We can now use implicit differentiation to find y’ in terms of y. Remember that y=arctan(x), so our end goal is to find y’ in terms of x.

\[ \frac{d}{dx}[tan(y)]=\frac{d}{dx}x\]

\[ sec^2y.\frac{dy}{dx}=1\]

\[ \frac{dy}{dx}=\frac{1}{sec^2y}=cos^2y\]

So, y’=cos^{2}(y).

Now we need to find the derivative in terms of x. To do so, we find cos(y) in terms of x and plug it into y’=cos^{2}(y). We can use our original relationship y=arctan(x) to draw a triangle, and use the pythagorean theorem to find the hypotenuse. In the diagram below, y is the angle in the top left corner.

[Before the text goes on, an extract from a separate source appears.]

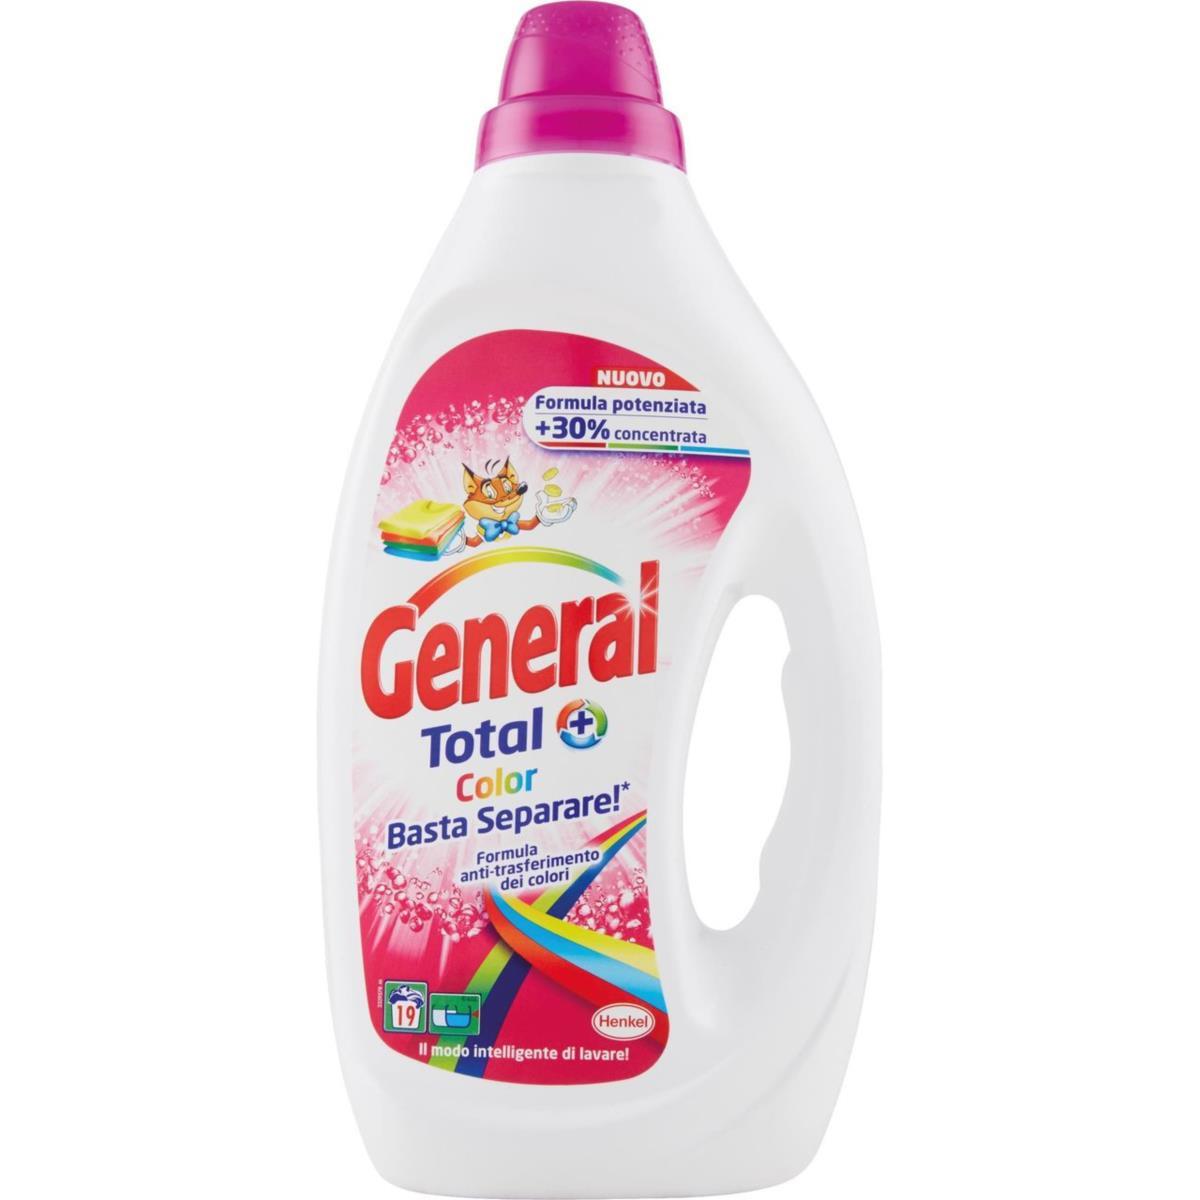 General Color 19 lavaggi
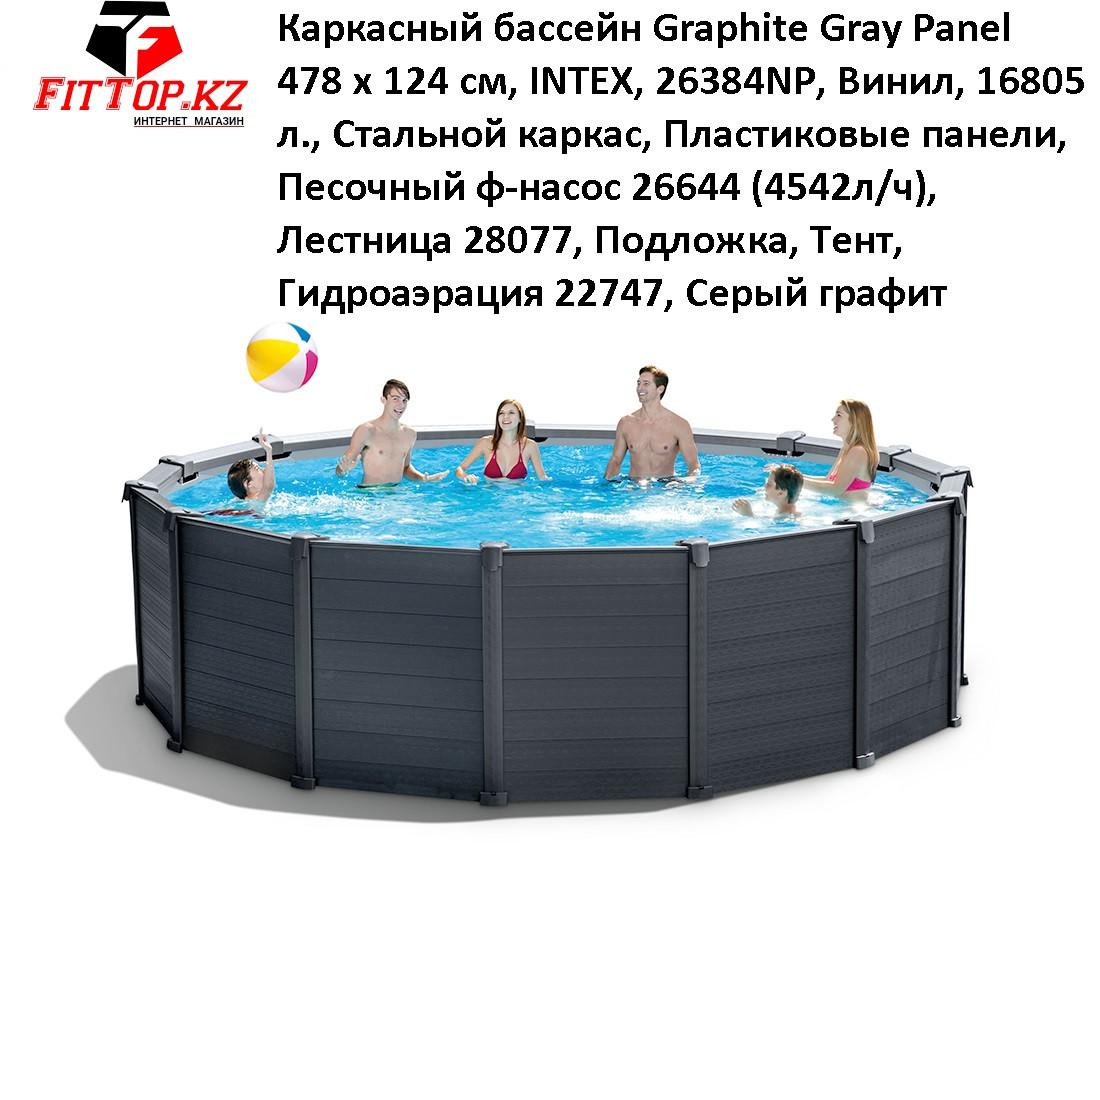 Каркасный бассейн Graphite Gray Panel 478 х 124 см, INTEX, 26384NP, Винил, 16805 л

This triangle gives us the following relationships:

\[\sin=\frac{x}{\sqrt{1+x^2}}, cosy=\frac{1}{\sqrt{1+x^2}}\]

Since we have cos(y) in terms of x, we can square cos(y) and plug it into y’:

\[ cos(y)=\frac{1}{\sqrt{1+x^2}}\]

\[cos^2(y)=\frac{1}{1+x^2} \Rightarrow \frac{dy}{dx}=\frac{1}{1+x^2}\]

Let’s continue with an example. Below, there is an equation with an arc in it. We will try to take derivative of this expression. We will use of both the basic rules of the derivative and the arctan derivative we mentioned above.

\[y=arctan\frac{x+1}{x-1}, x\neq 1\]

Now, here is the step by step solution:

\[y'(x)=(arctan\frac{x+1}{x-1})’=\frac{1}{1+(\frac{x+1}{x-1})^2}.(\frac{x+1}{x-1})’ \]

\[ =\frac{1.(x-1)-(x+1).1}{(x-1)^2 + (x+1)^2}\]

\[ =\frac{x-1-x-1}{x^2-2x+1+x^2+2x+1}\]

\[ \frac{-2}{2x^2+2} = \frac{-1}{1+x^2}\]